It was a talk that tried to show how we need to recognise and design for current needs (particularly in terms of environments that are open to use by people with dementia and autistic people), near future needs (the increase in number of older adults and related cognitive impairments) and future needs (the changes wrought as cognitive assistance and augmentation becomes available).

Out of the labs

At core, the talk was about person centered design. That design solution are meaningless without people, users, at the centre of them. At the start of project, during design process and all the way through testing and sale.

You need to make space, literally and figuratively, for people in your organisation and in your processes.

You need to use tools that involve, empower and enable people to say what is needed and to ensure that essential needs are met throughout the process.

Your space must become their place.

Companies keep building labs as tho their users are to be pinned down and examined.

Perhaps, it’d be better to build markets, parks and cafes. Places people can make their own so you discover what they know and they need.

Off the paths

One other thing that came out of discussions afterwards was a discussion of desire paths.
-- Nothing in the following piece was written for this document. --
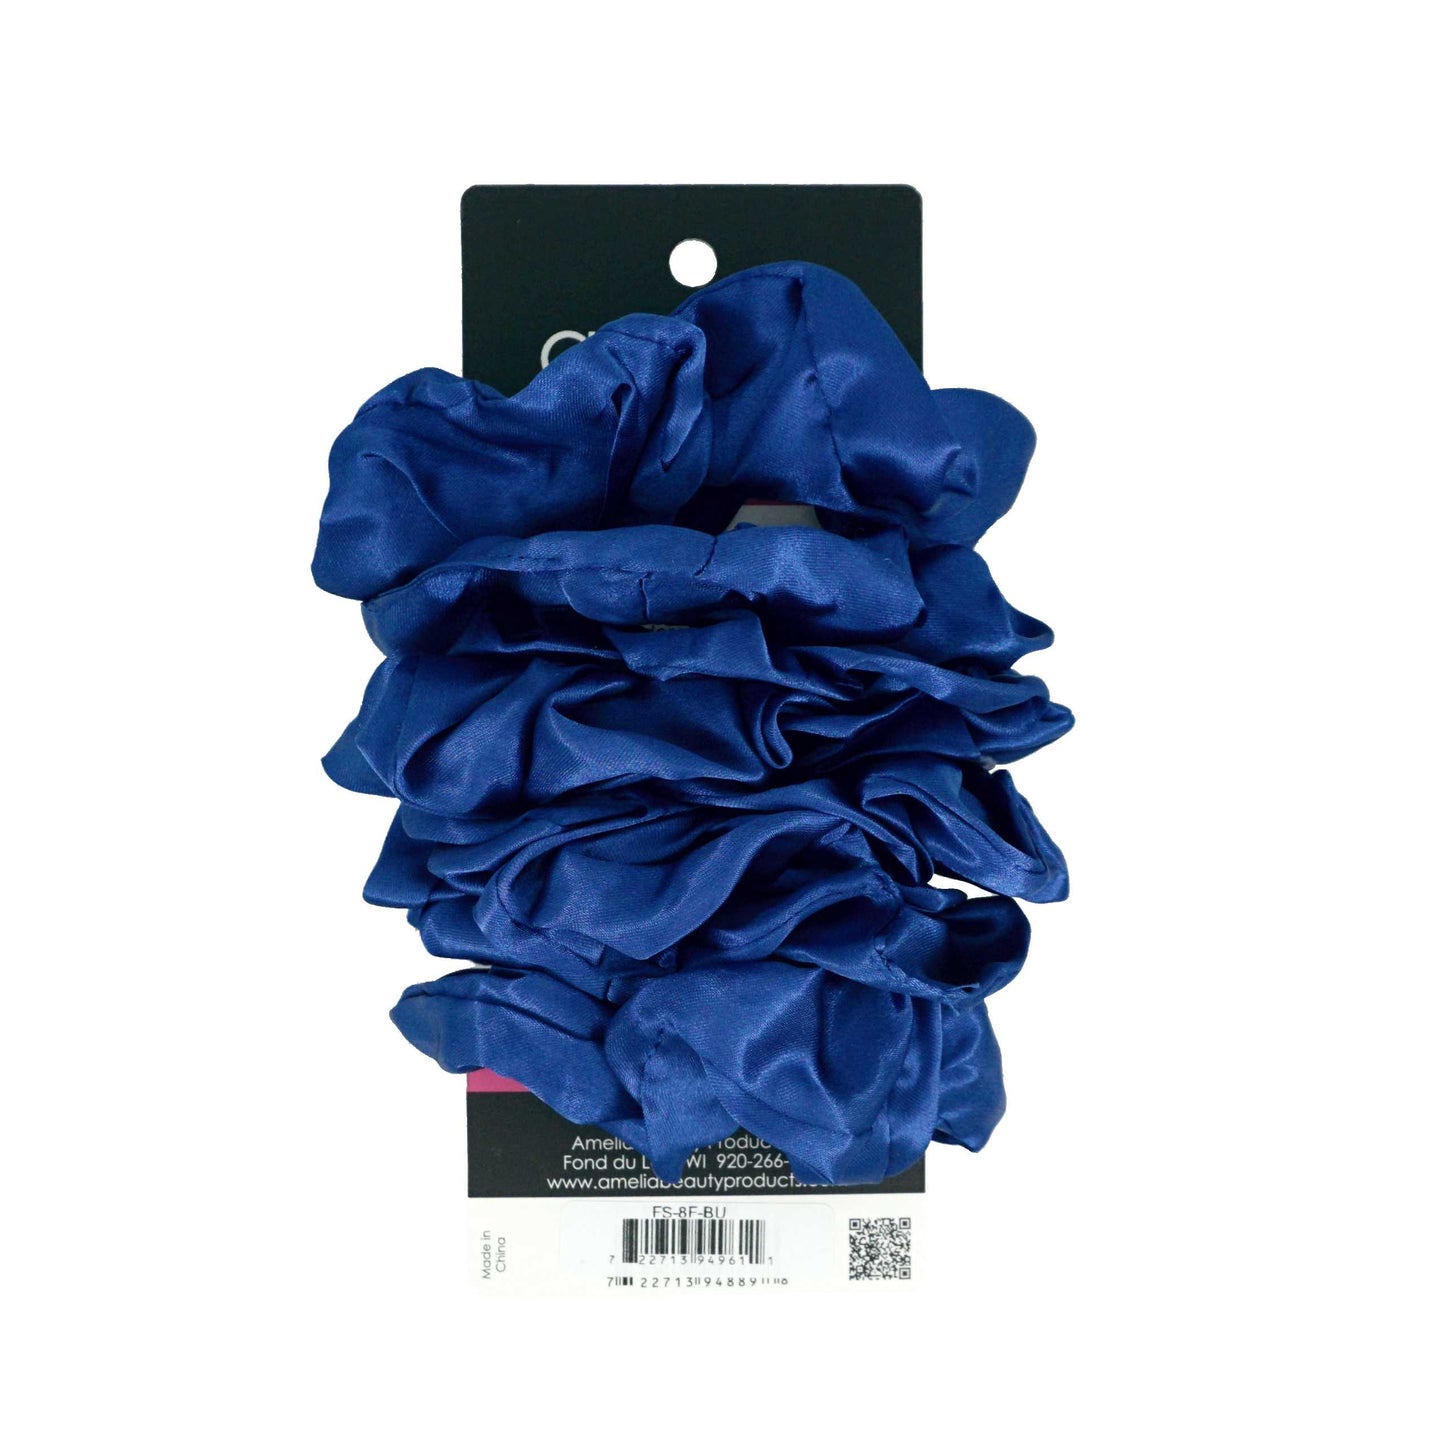 Amelia Beauty Products, Blue Satin Scrunchies, 3.5in Diameter, Gentle on Hair, Strong Hold, No Snag, No Dents or Creases. 8 Pack

I have been doing some work lately on building architecture that is more open to people with dementia and autistic people. One of the things that has come up is spaces for decompression, to escape the sensory load of places and crowds, and to recover a sense of self and re-centre around personal intent.

A doctor at the UXD conference spoke about a spare room next to their General Practice waiting room.

The waiting room was bright and busy. The spare room was never properly fitted out: it had been meant for a purpose that had never been finished.

People use the spare room. It’s quiet, it’s dim, it’s not crowded. They’ve moved chairs into it.

The doctors have now put a screen in there so people know when they’re being called. Apart from that, they’ve left it be. People have made the space into a place that works.

This is what design off the desire path can be about.

Valuing the quiet spaces and not filling them with your stuff.

Lightly enhancing places with things that empower and enable.

Understanding that though you may own and control spaces that your users will create their own places in them. This is natural and it is good.

Make space for people in your processes and your spaces.

Let them inform your designs and create their own places.

Your desire path isn’t the only desire path.

Wander off and let other people guide you.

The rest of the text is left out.